* Requirement
Pictures should be left out while the data beneath this task is written out word for word.

* Given material
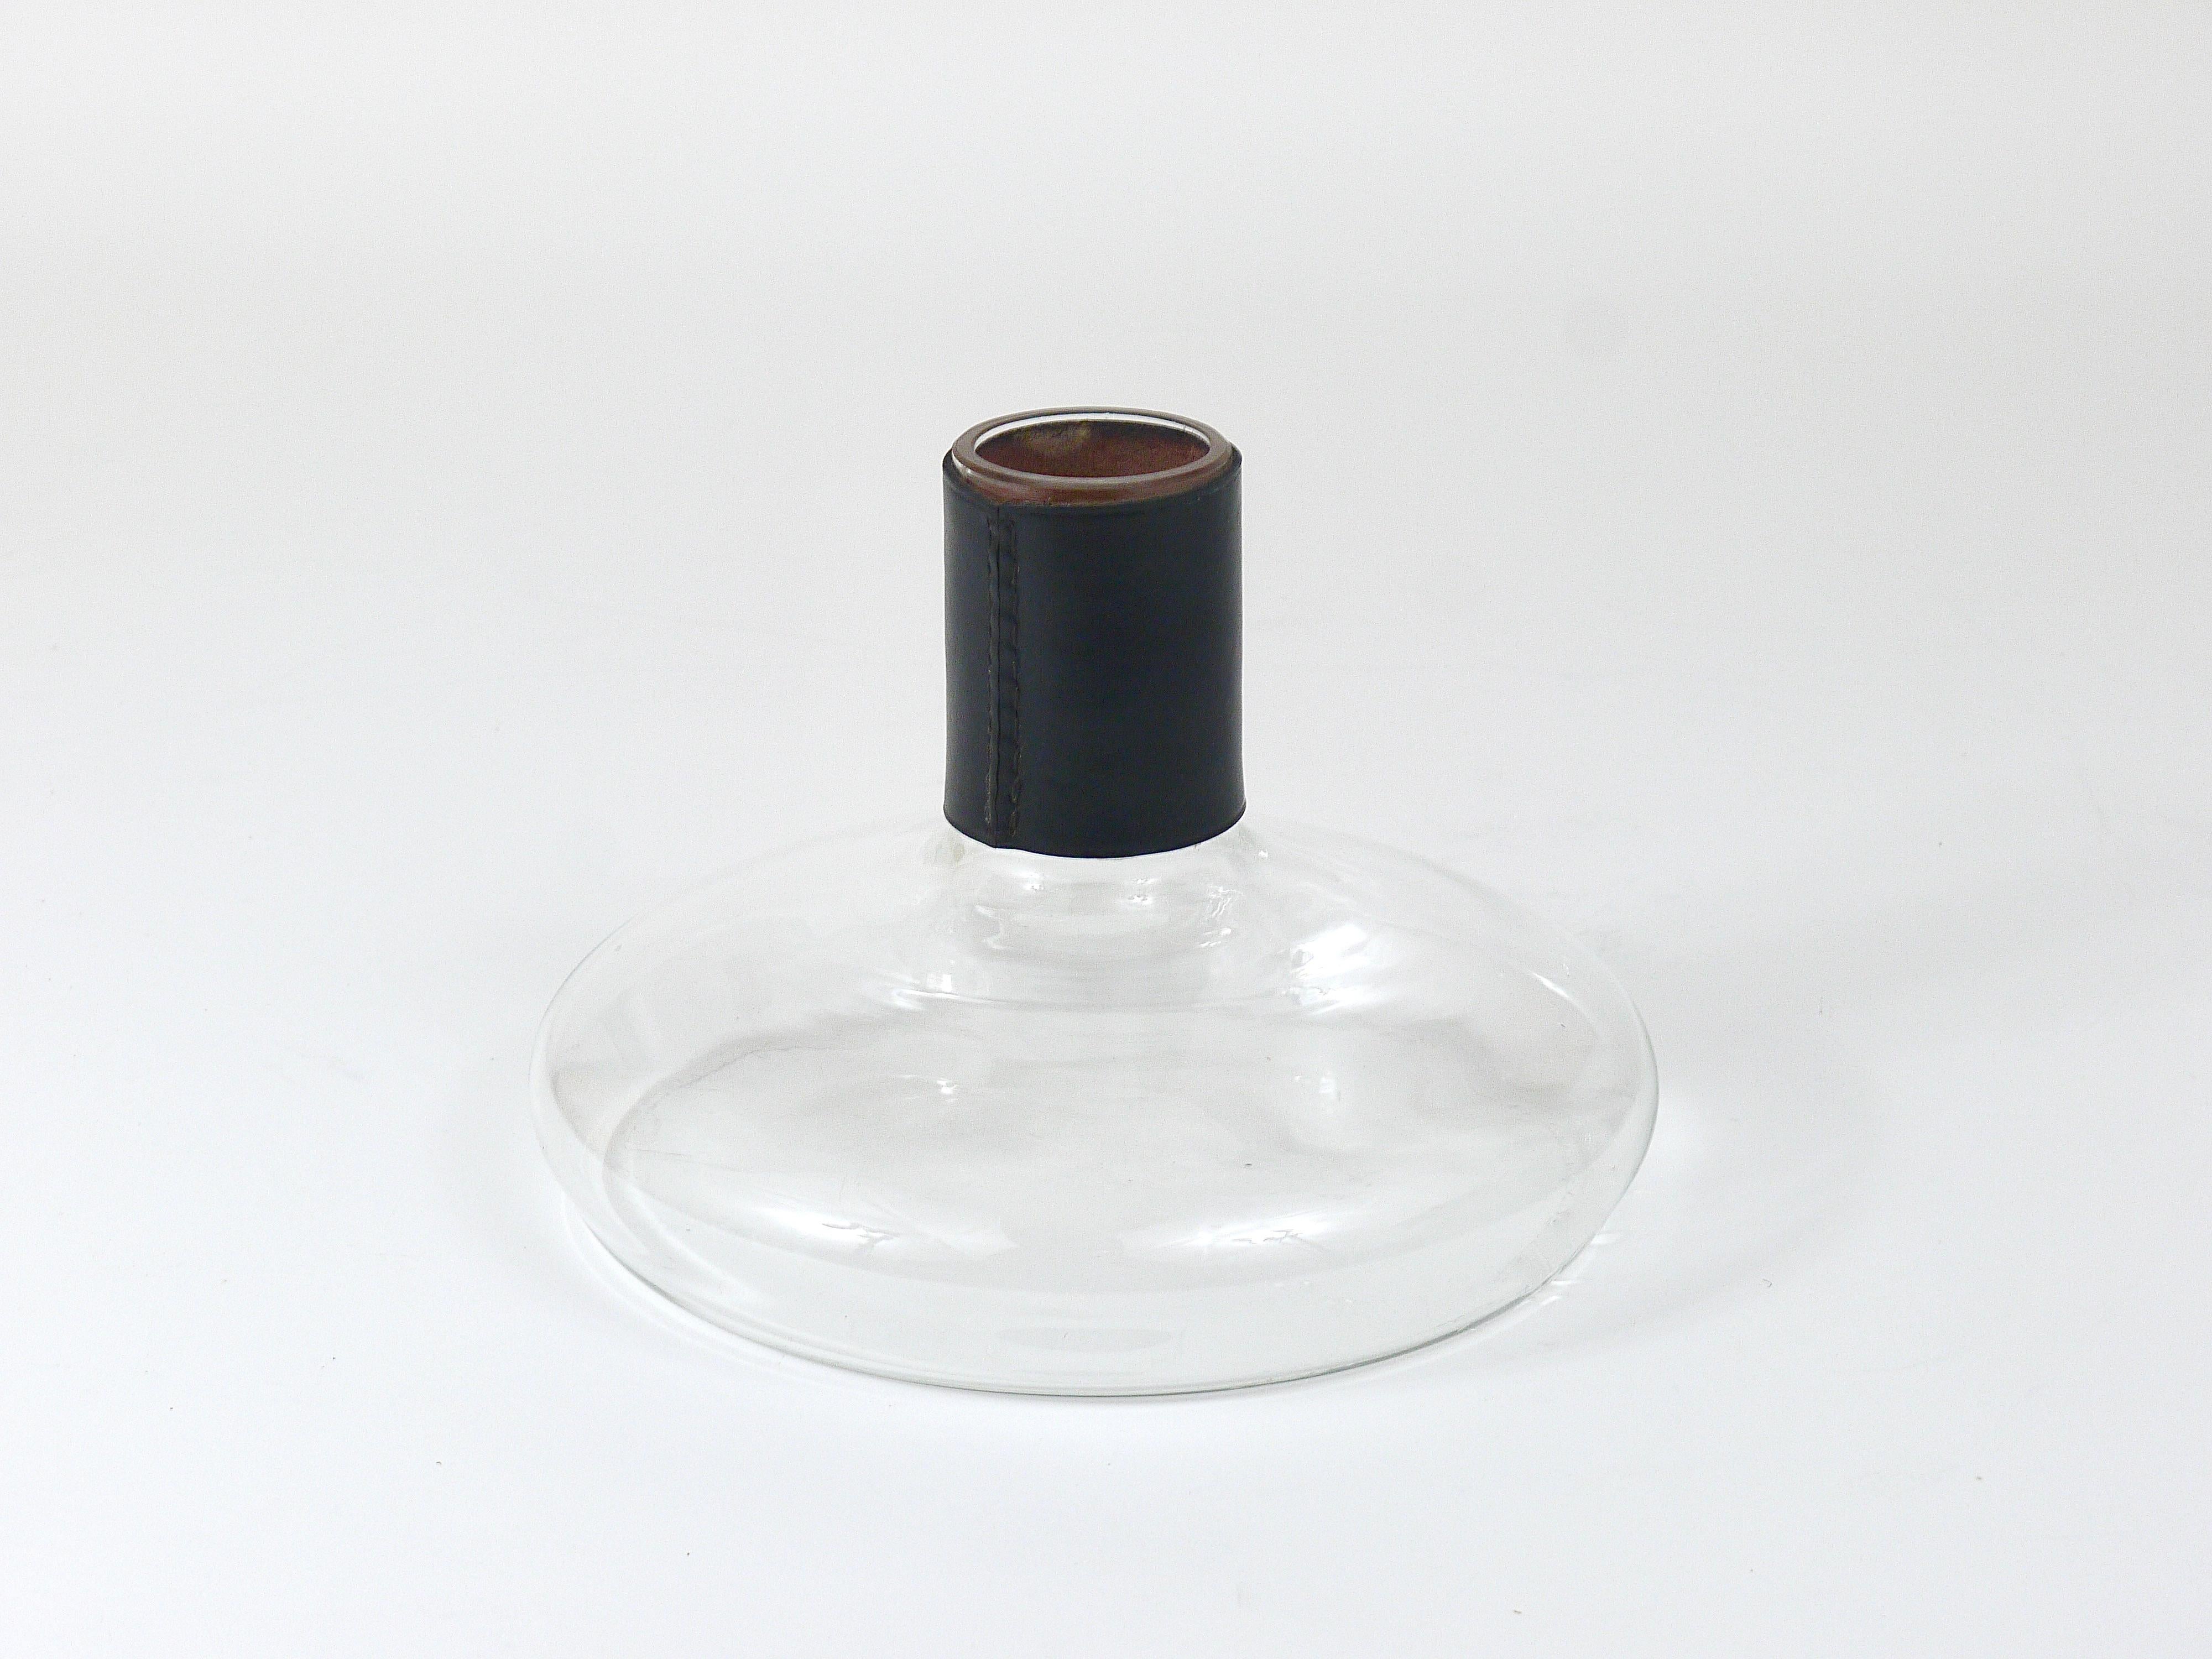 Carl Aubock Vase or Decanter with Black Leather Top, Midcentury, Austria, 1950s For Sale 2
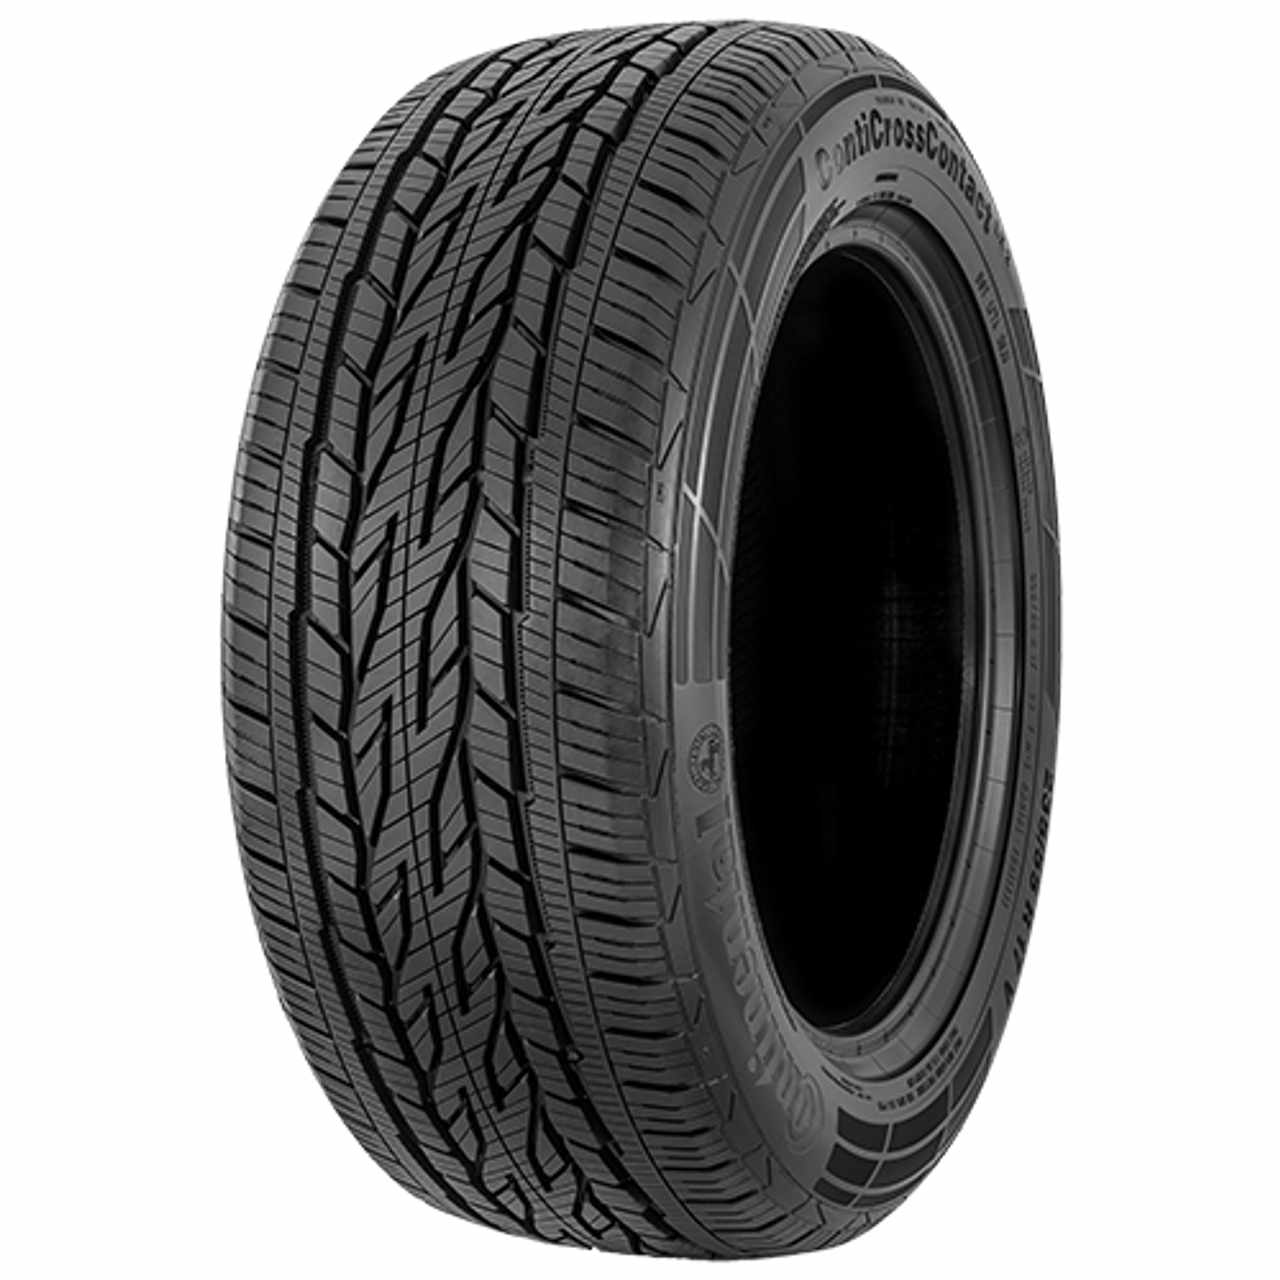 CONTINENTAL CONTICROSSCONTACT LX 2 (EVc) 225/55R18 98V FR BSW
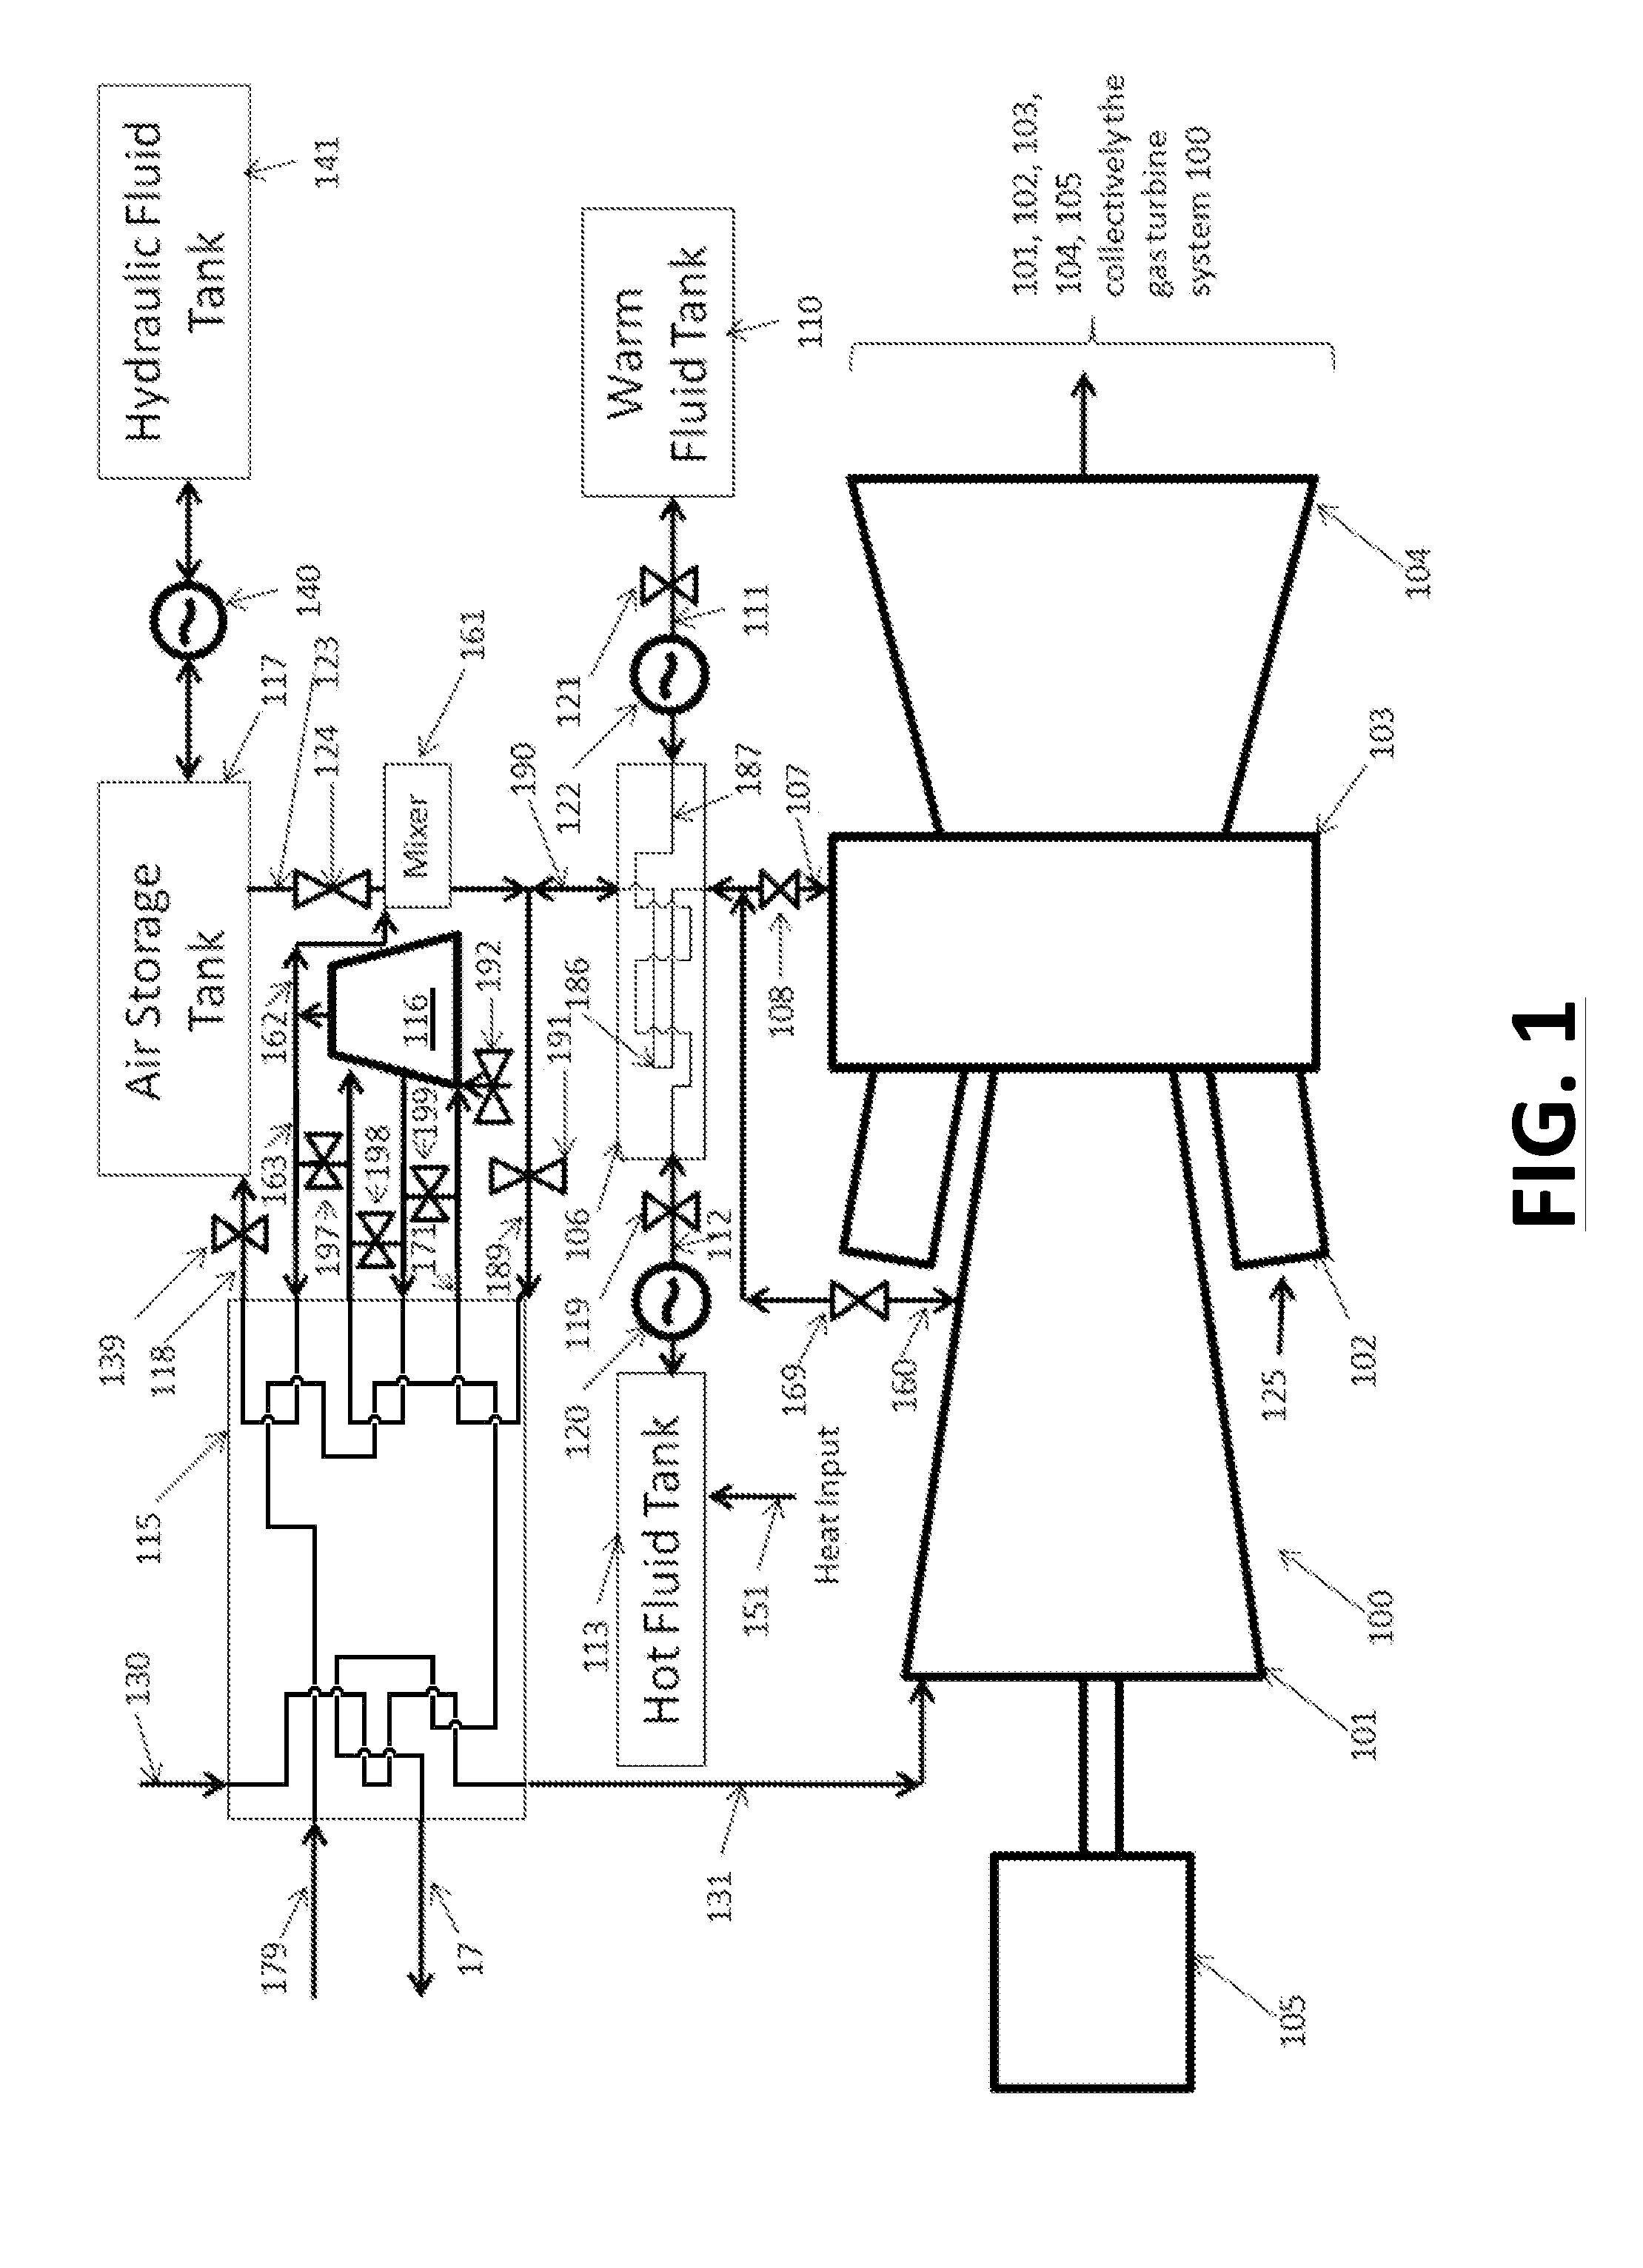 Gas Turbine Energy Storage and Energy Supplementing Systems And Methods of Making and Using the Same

* Completed exercise
 Carl Aubock Vase or Decanter with Black Leather Top, Midcentury, Austria, 1950s For Sale 2
 CONTINENTAL CONTICROSSCONTACT LX 2 (EVc) 225/55R18 98V FR BSW
 Gas Turbine Energy Storage and Energy Supplementing Systems And Methods of Making and Using the Same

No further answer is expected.